Director James Wan’s (Insidious) horror film The Conjuring opens this weekend. The film is based on the story of the Perron family who inhabited a haunted Rhode Island farmhouse in the 1970s. Lili Taylor and Ron Livingston play the Perrons, and Vera Farmiga and Patrick Wilson play paranormal investigators Lorraine and Ed Warren, who encounter the most horrifying case of their career. I found the movie to be extremely well done, and I’d definitely recommend checking it out. For more on the film, watch some clips.

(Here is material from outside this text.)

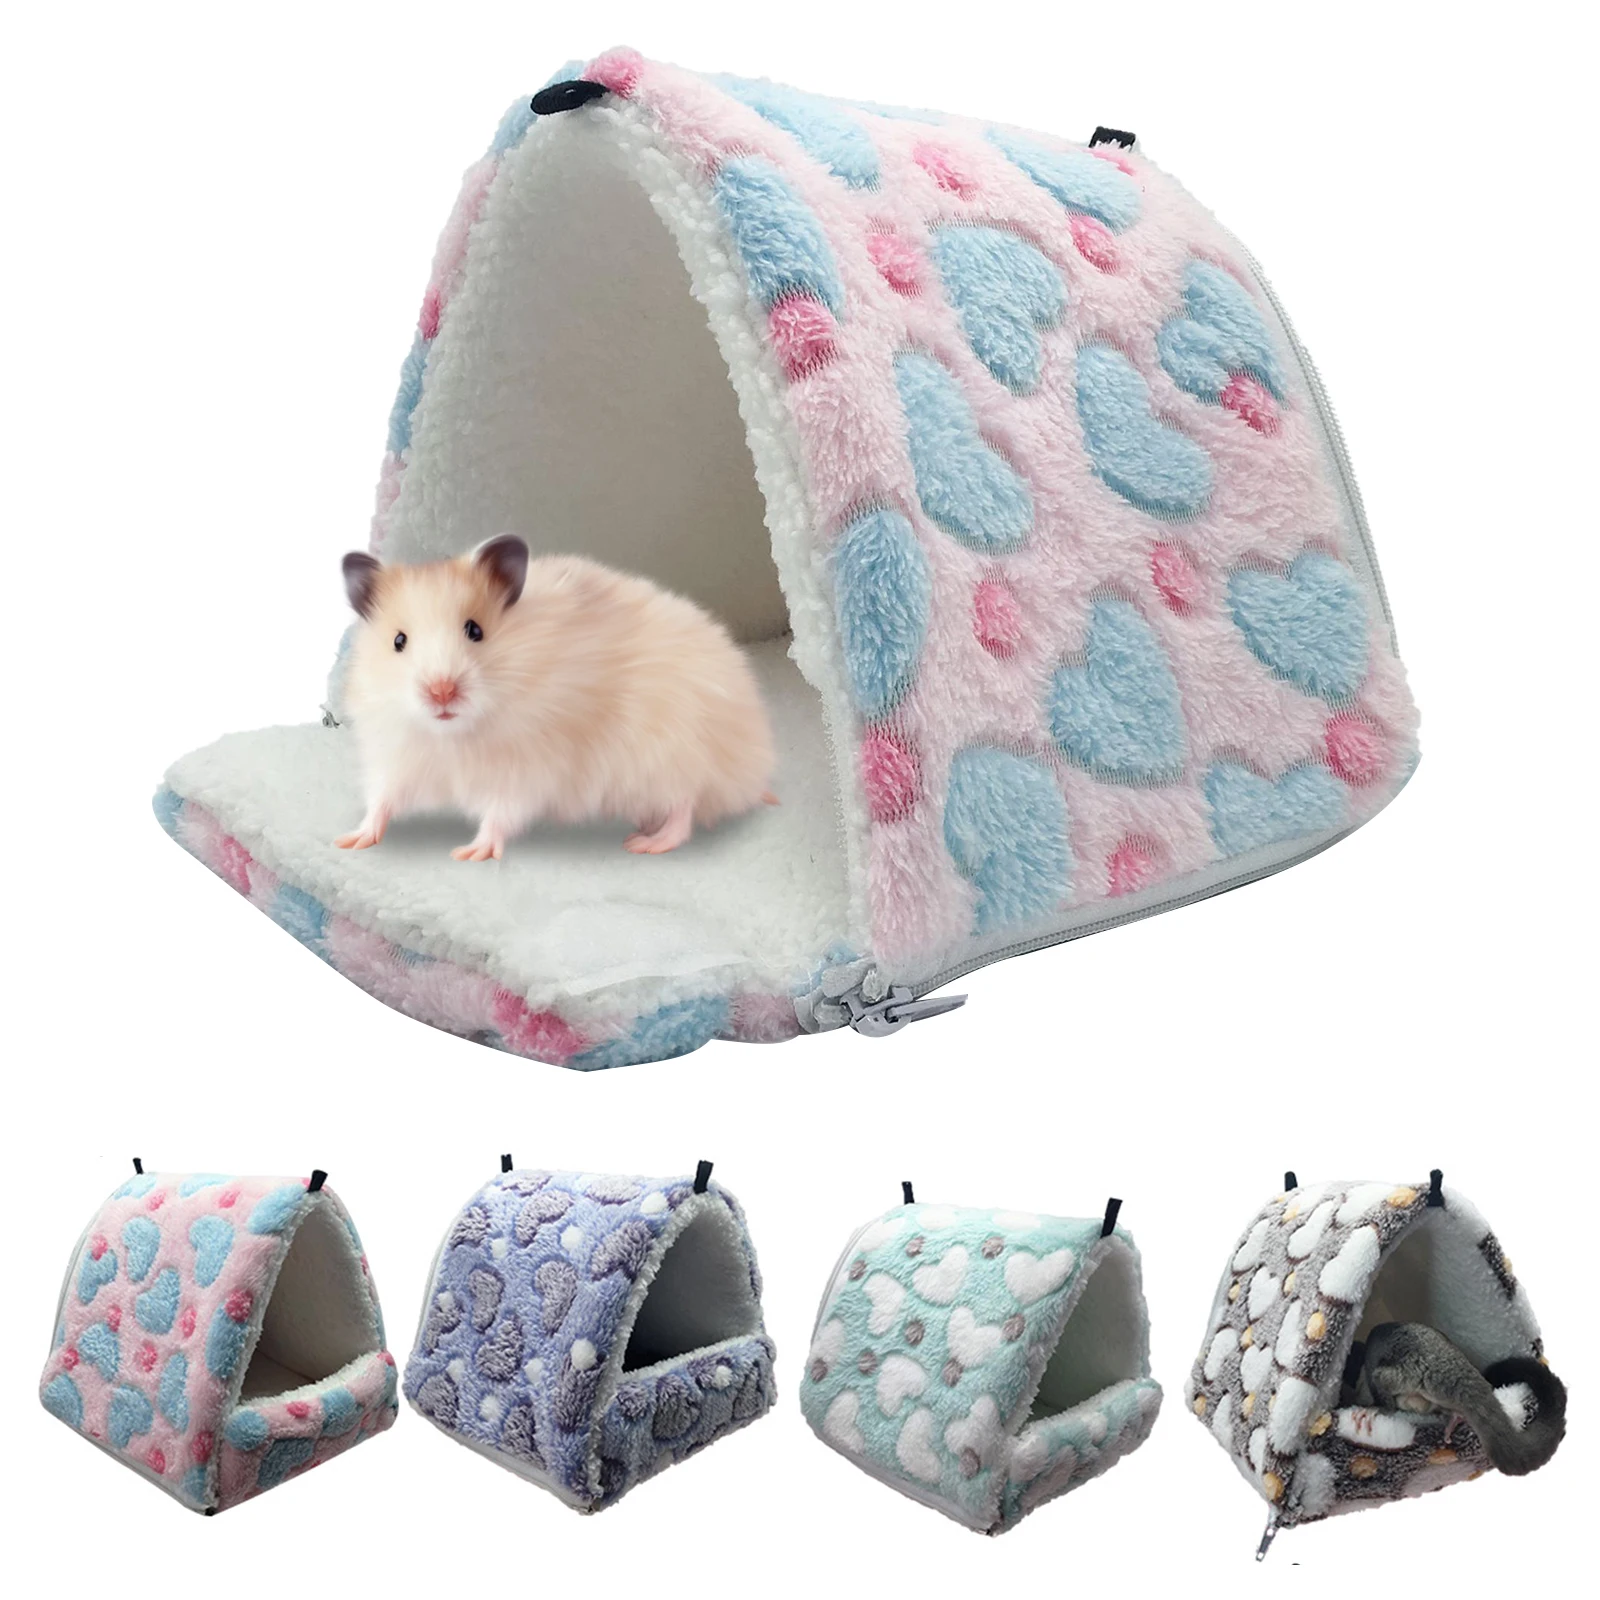 

Small Animal Pets Cages Winter Springs Hamster Guinea Pig Squirrel Keep Warm Nest Soft Comfortable Sleeping Bed Hammock Tent

At the recent San Francisco press day, I participated in a roundtable interview with Farmiga and Lorraine Warren. They talked about their relationship, making the movie, plans to bring more of the Warrens’ stories to the big screen, the nature of evil, and a lot more. Hit the jump for what they had to say.
VERA FARMIGA: Lifetimes.
LORRAINE WARREN: Right, I feel that way.
Who got in touch with who?
FARMIGA: I think Hollywood got in touch with both of us.
WARREN: Yeah. It was really like we knew each other from way back. It was never just a new person, no.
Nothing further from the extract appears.